Does anyone see any major drawback in using UTF-8 only?
[snip]
This need not preclude other charsets from being carried in mail, but they would be treated as opaque binary data by the mail protocol.

I don't see any drawbacks in why it couldn't be the one and only charset. [Full stop].


* Use an easily implemented envelope (my advise: xml or xml-lookalike,
with data-size attribute for a scheme identical to IMAP4 literals to
prevent a need for escaping)

Discussion of XML is premature until we have some idea what data we need to transfer at particular moments. XML is good for certain types of structured data, but there may be better approaches for very lightweight messages or heavily binary-oriented messages.

...which is why I added xml-lookalike.
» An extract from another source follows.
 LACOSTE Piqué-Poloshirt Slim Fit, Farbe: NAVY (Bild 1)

My point is that it will be much easier to implement an xml kind of format rather than a MIME one, and I want to make sure implementing mail-ng according to spec will be as trivial as possible, without putting in too many restrictions.
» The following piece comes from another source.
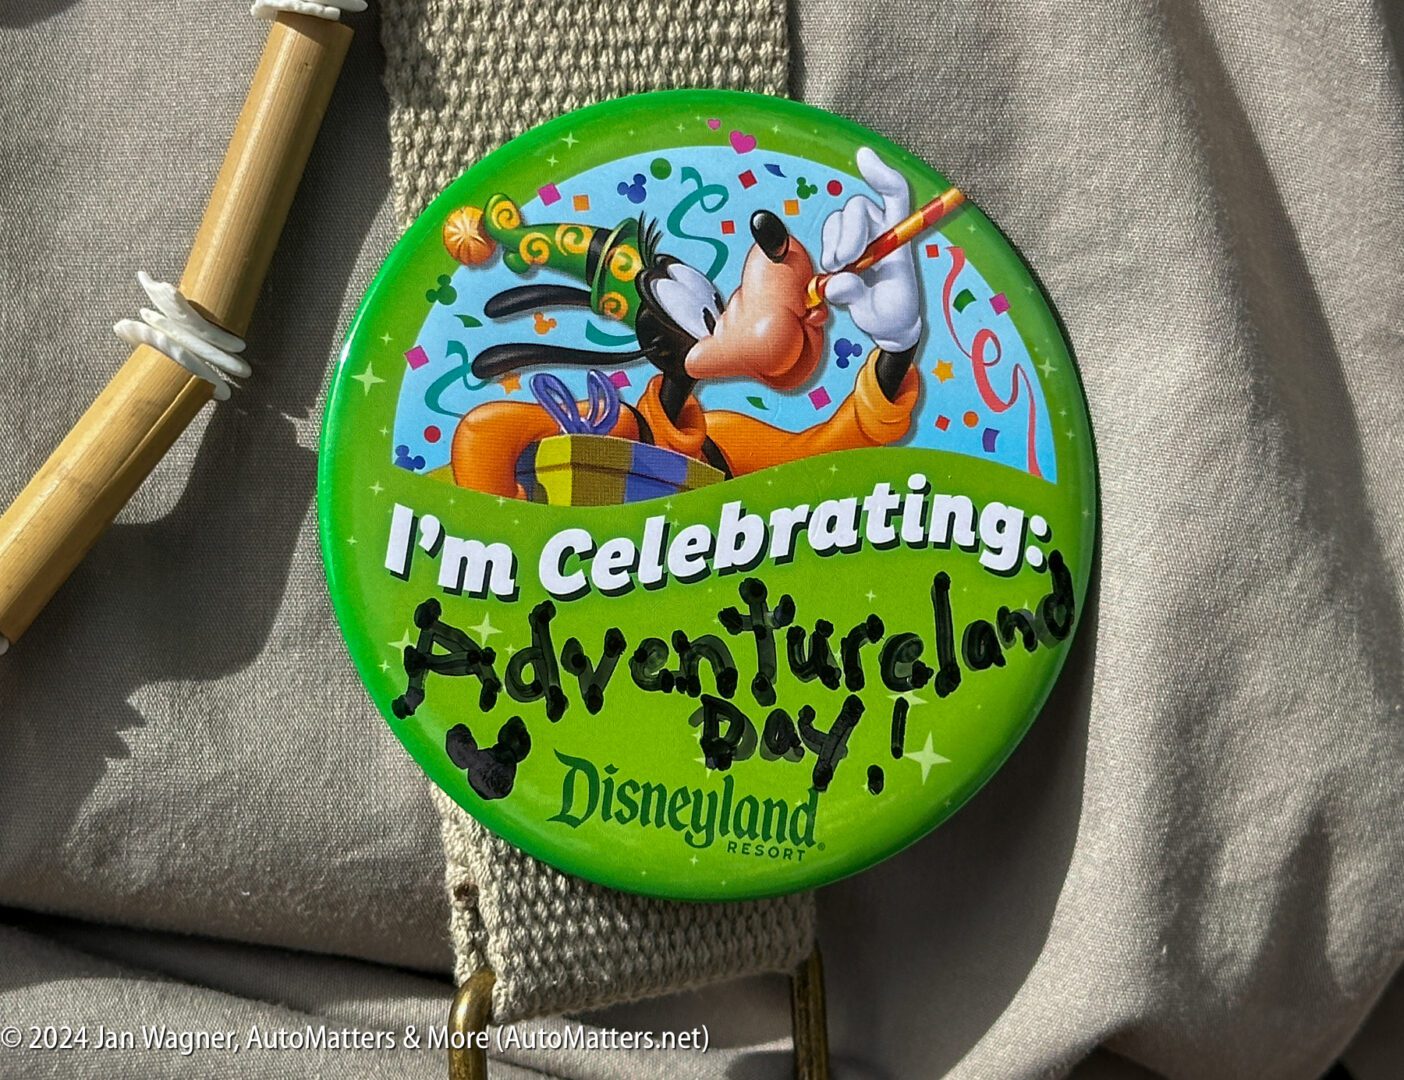 I'm celebrating adventureland day at disneyland.

I would like to have a header specifying the jurisdiction the
email is sent by.

Can you propose a means whereby the veracity of that header can be checked? What's to stop a sender from lying?
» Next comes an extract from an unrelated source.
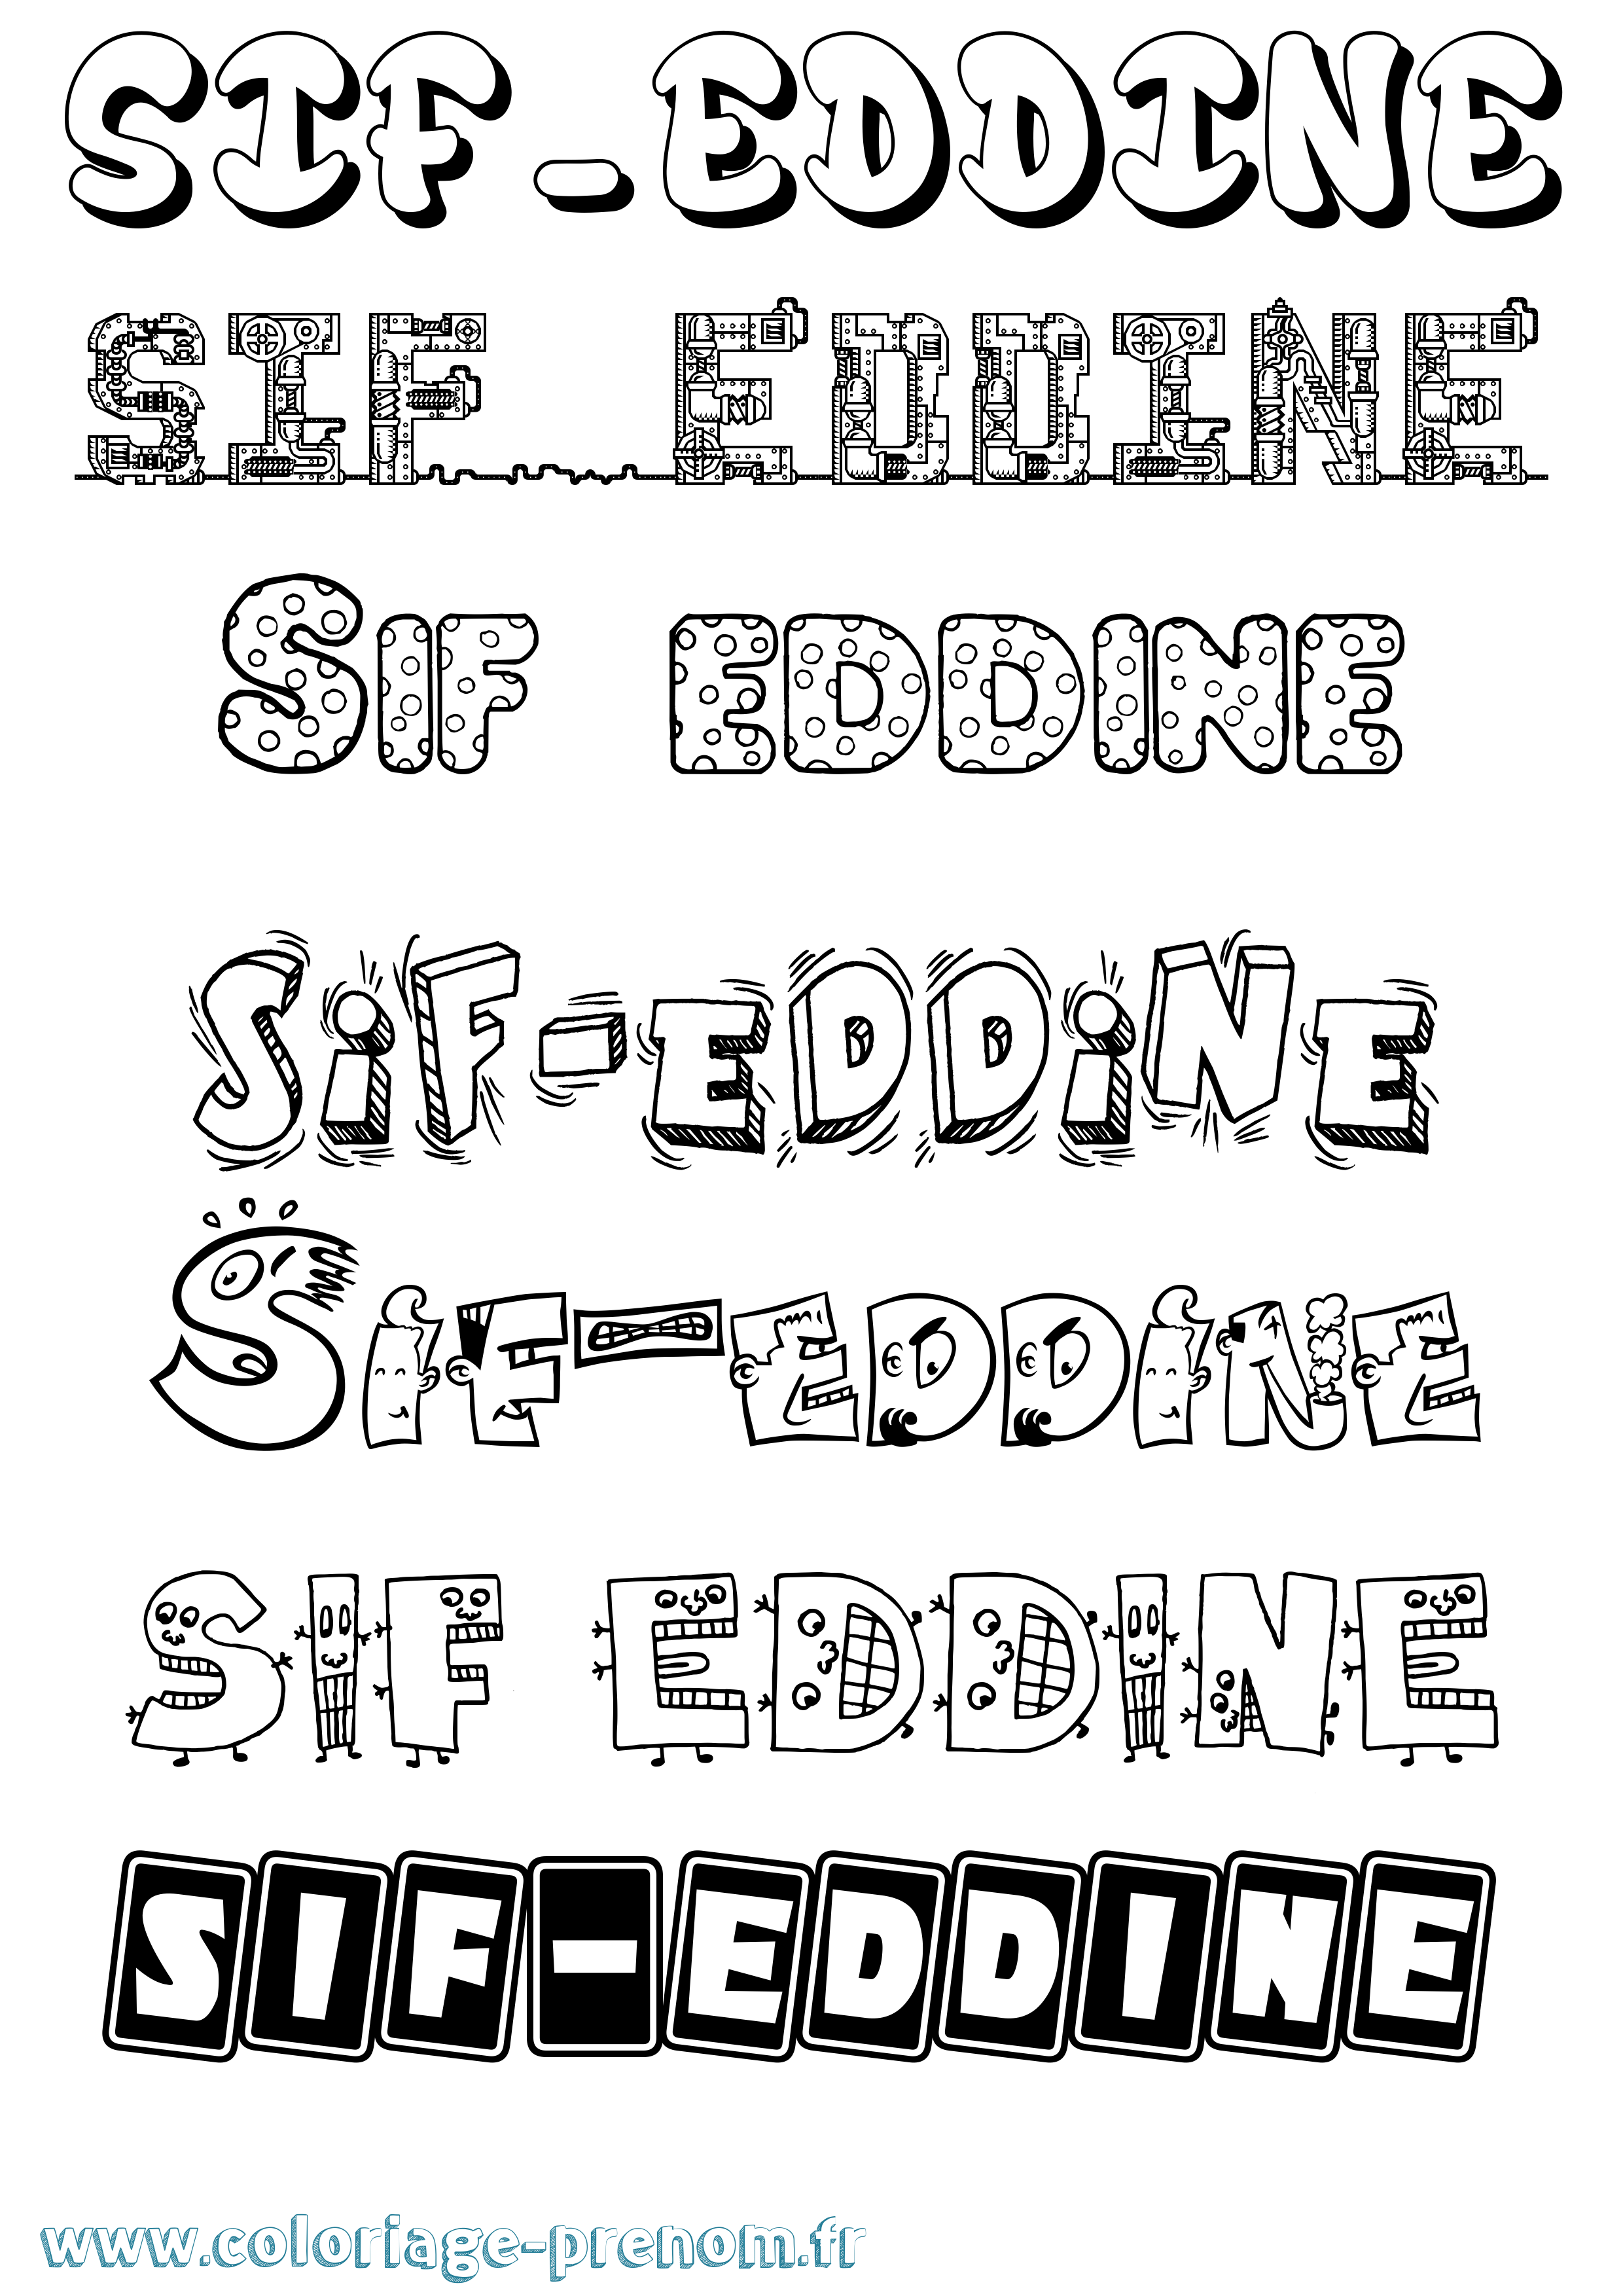 Coloriage prénom Sif-Eddine Fun

I expect mail-ng to be digitally signed and encrypted, and not as easily forged as RFC822-messages. I also expect mail-ng messages to be legally binding. But even if the sender lies, he would have to choose one jurisdiction and would be hold liable according to that one. If sender choses a very liberal jurisdiction, the recipient will most likely block this message as it exceedes the local one. Basically, all I want is some way for people to don't risk receiving messages that would be illegal in their local domain, and right now blocking all non-whitelisted messages sent from America is a quite daunting task. The sollution could be something very different than my suggestion, but we have a problem with the current protocol, and it should be resolved in the next.


How useful will it really be, relative to an independent third party opinion, like "blackholes.us"?

A local backholes.us-list would need to be updated very often, and with no local list we would need to have a lookup - in which we would get all the problems we have with DNS-servers nowadays (TLDs, anyone?). It might be one sollution, but I still think it will be more efficient, and easier to make legally binding, if this info is embedded into the protocol.